Politik

Man kämpft gegen die Raser

Man kämpft gegen die Raser

 

Das macht die zuständige Ministerin für die Umwelt von den Grünen, die charmante Frau Gewessler. Eine entscheidende Schlacht gegen (oder für) das Klima hat sie ja bereits gewonnen: der 140er des unseligen Vorgängers (ein Blauer war das) ist ja flugs beseitigt worden. Man hat ja direkt gespürt, wie das Klima aufgeatmet hat und die Frau Professor Kromp-Kolb auch.

Jetzt aber geht es den Rasern an den Kragen und die „Krone“ hat ganz begeistert berichtet, geradezu hymnisch. Und jetzt ist die Frau Minister zu Recht in aller Munde. „A star is born!“ habe ich mit großer Begeisterung ausgerufen, wie ich selbiges gelesen habe: endlich hört man wieder was von ihr.

Mir war sie bisher recht wurscht, aber ich weiß natürlich, daß von den Grünen nie was Gescheites oder Gutes kommt. Aber jetzt ist sie halt Ministerin.

Gut, für ihr Aussehen kann sie ja nichts und für ihre Bildung, ihre Intelligenz und ihre Klugheit natürlich auch nichts, das haben ja andere zu verantworten, der Kanzler wahrscheinlich, aber der ist ja selber keine Leuchte der Wissenschaft.

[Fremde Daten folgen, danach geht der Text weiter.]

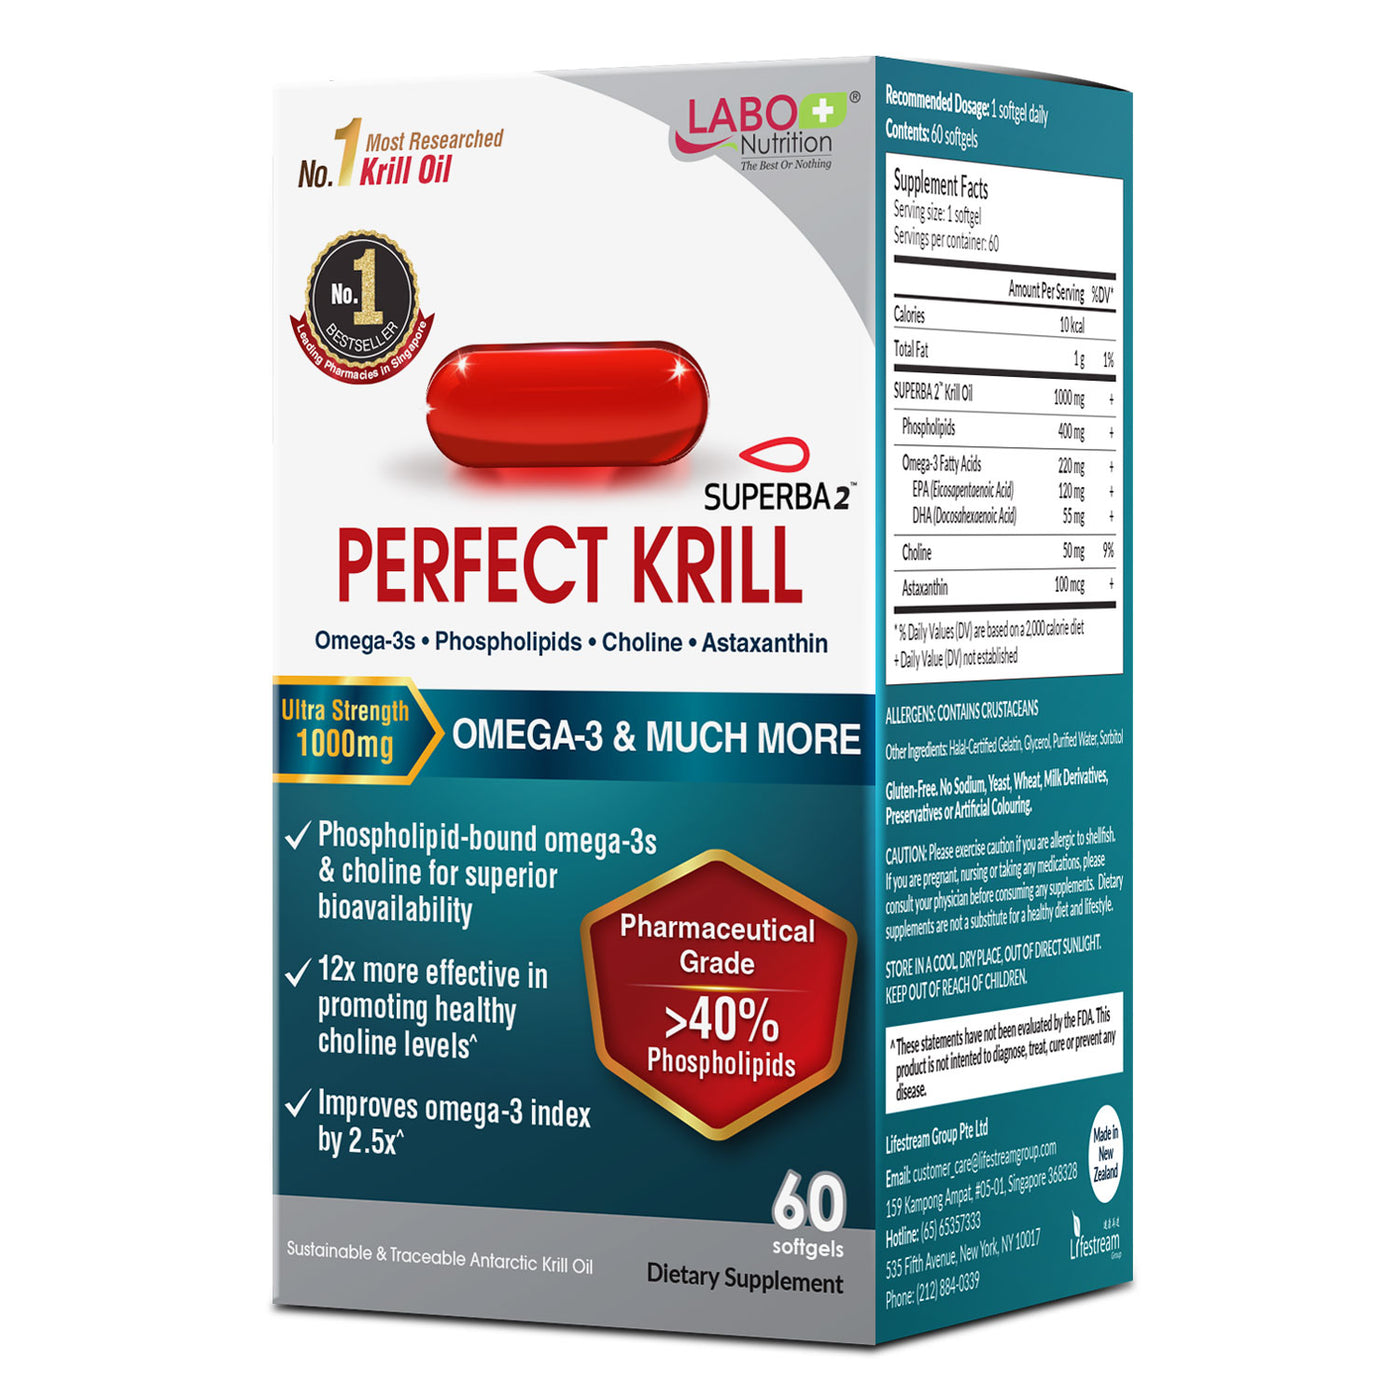 LABO Nutrition Perfect Krill 1000 mg, Ultra Strength Antarctic Krill Oil with Omega-3s, Phospholipids, & Astaxanthin, Heart, Joint, Brain Support - Lifestream Group US

Der Kampf ist also erklärt. Gegen die Raser, ich verstehe.

Zuerst müßte man einmal klären, was so ein Raser ist. Einer, der 140 fährt auf der Autobahn? Oder einer, der in der Stadt mit einem Hunderter dahinglüht? Oder in der Fußgängerzone arme Maskenträger verschreckt?

Ich bin in einer Zeit groß geworden, da hat es auf der Autobahn gar keine Beschränkungen gegeben und auf der Bundesstraße auch nicht. Einen Porsche hatte ich damals außerdem. Man erinnert sich: damals war alles frei und erst in den Siebziger Jahren wurden die Beschränkungen eingeführt. Gesagt wurde: zum Benzinsparen. Jetzt ist es also die Sicherheit. Irgendwas fällt denen immer ein. Aber Grüne gab es damals noch nicht und es war eine glückliche freie Zeit. Kommt nicht wieder.

Eine ganze Palette von Maßnahmen gegen die „Raser“ hat sie anzubieten:

Führerschein weg, Strafen erhöht, auch das Auto, mit dem so verantwortungslos dahingerast wurde, kann beschlagnahmt werden. Die „Krone“ hat das ungemein gefreut und dem Klima nützt es ja schließlich auch.

Unlängst habe ich von einem ganz üblen Raser gelesen: Über 100 in der Stadt, illegales Autorennen, erst 17 Jahre, keinen Führerschein, das Auto gehört dem Täter gar nicht sondern einem Onkel aus dem Clan.

Und was jetzt, Frau Minister?

Führerschein abnehmen? Geht nicht, er hat gar keinen. Strafen? Geht auch nicht, der verdient ja nichts, lebt von der Sozialhilfe. Auto wegnehmen? Geht auch nicht, das würde dem Onkel nicht gefallen und der hat ja Brüder und Cousins und die würden sich das nicht gefallen lassen und würden schwer protestieren. Strafen beim Gericht? Lachhaft. Mehr als eine bedingte kriegt der ohnehin nicht und außerdem ist er schwer traumatisiert und haftempfindlich.

Also was, Frau Minister? Und wenn sie darauf keine Antwort wissen, rate ich Ihnen, die Goschen zu halten. Das wär‘s von mir.